There were many people who disparaged such ultra-lights. They considered that nothing less than 60 h.p., as possessed by the original Cirrus-DH Moth that pre-dated the Drone by nine years, was any use to a serious aviator; apart from which, the Moth was easier to store, its biplane wings, apart from the fact that they could be folded-back, having a span nearly ten feet less than that of the Drone’s wing. C. G. Grey, the outspoken Editor of The Aeroplane, frequently expressed his dislike of little aeroplanes whose engines had only two cylinders. He used to call them “pop-bottles”, when scathingly referring to them…

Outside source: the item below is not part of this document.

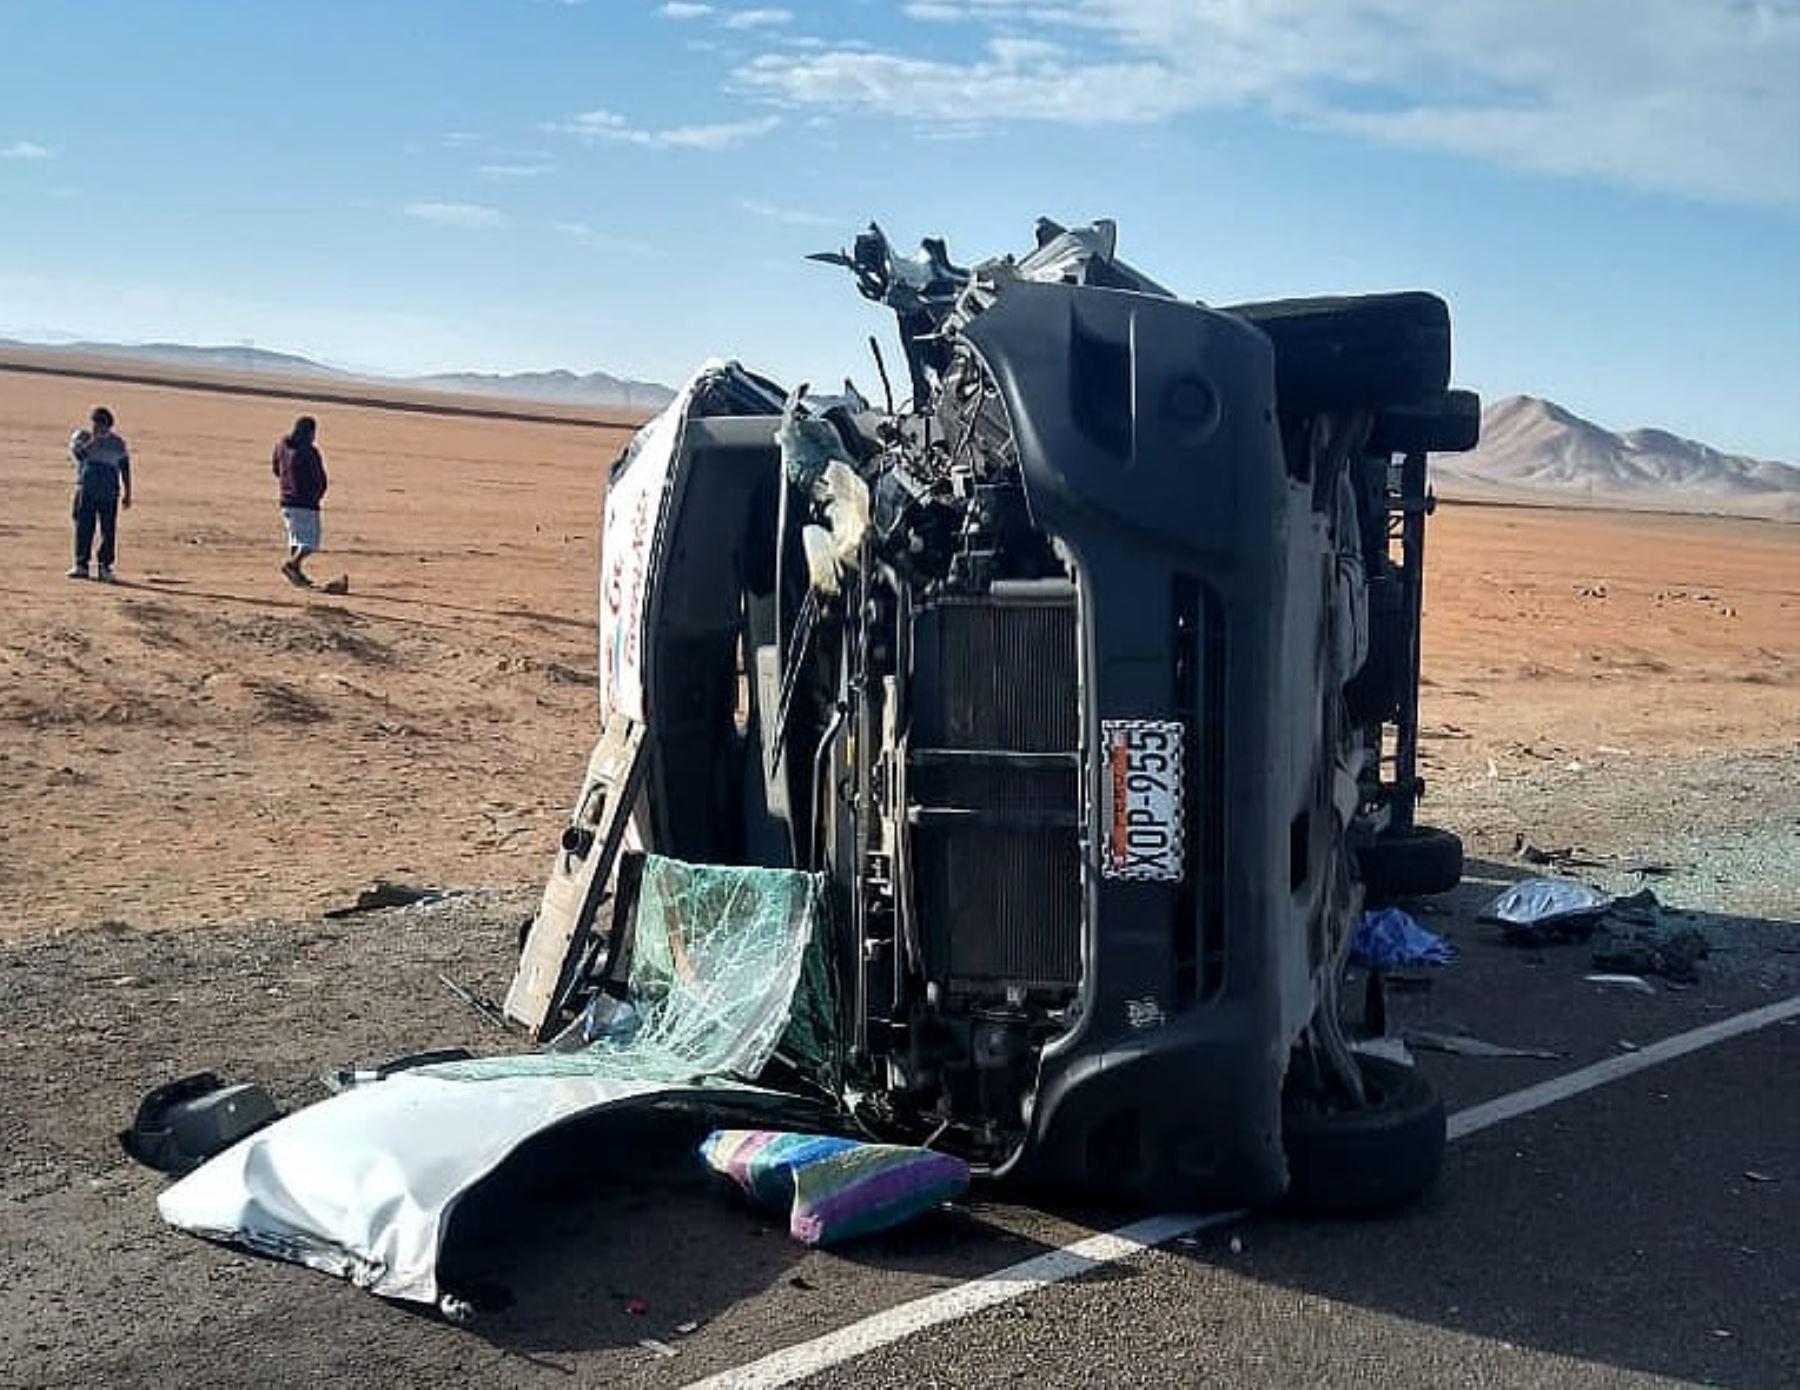 Identifican a las cinco víctimas mortales del accidente de tránsito en Arequipa. Foto: Facebook/Clic.

Be that as it may, Drones could be hired for 19/- (95p) an hour from the Leicester and Ely Flying Clubs (I expect the one I saw 47 years ago was from the latter) and after instruction costing less than a “fiver” a pilot’s restriced A-licence was issued. Moreover, in 1936 Col. The Master of Semphill (later Lord Semphill) flew a Super Drone from Croydon to Berlin, setting an International distance-record for single-seater aeroplanes of under 200 kg. empty weight. Although this long stint may not have compared with E. O. Llewellyn’s 23-day flight from England to Johannesburg in an Aeronca, H. L. Brook’s England to the Cape in a Praga Baby, or the great and couragous one from England to Australia in nine days by C. A. Butler in 1931 in a Cowper Swift, the outward flip to Germany, against a headwind, took Semphill 11 hours, so those have done long spells in vintage cars should have some respect for the Master’s endurance. Coming back, with a gale behind him, the Super Drone took only nine hours. The petrol consumed cost a mere 25/- (£1.25) for the trip to Berlin, and afterwards G-ADUA was duly exhibited at Selfridge’s. At least 28 Drones were built and Scott’s Flying Circus used one.
The Drone was by no means the only “cyclecar of the air” that took to the skies before the war. The theme persists, for one of my daughters had a flight from Booker aerodrome not all that long ago in a Falke motor-glider with Volkswagen auxiliary-power, and I have seen Mavrogordato, son of the 1914 GP Opel owner, racing one at Shobden. If I could do so, and had to, I think I would rather fly a Drone or a Falke then a modem Micro-light. — W.B.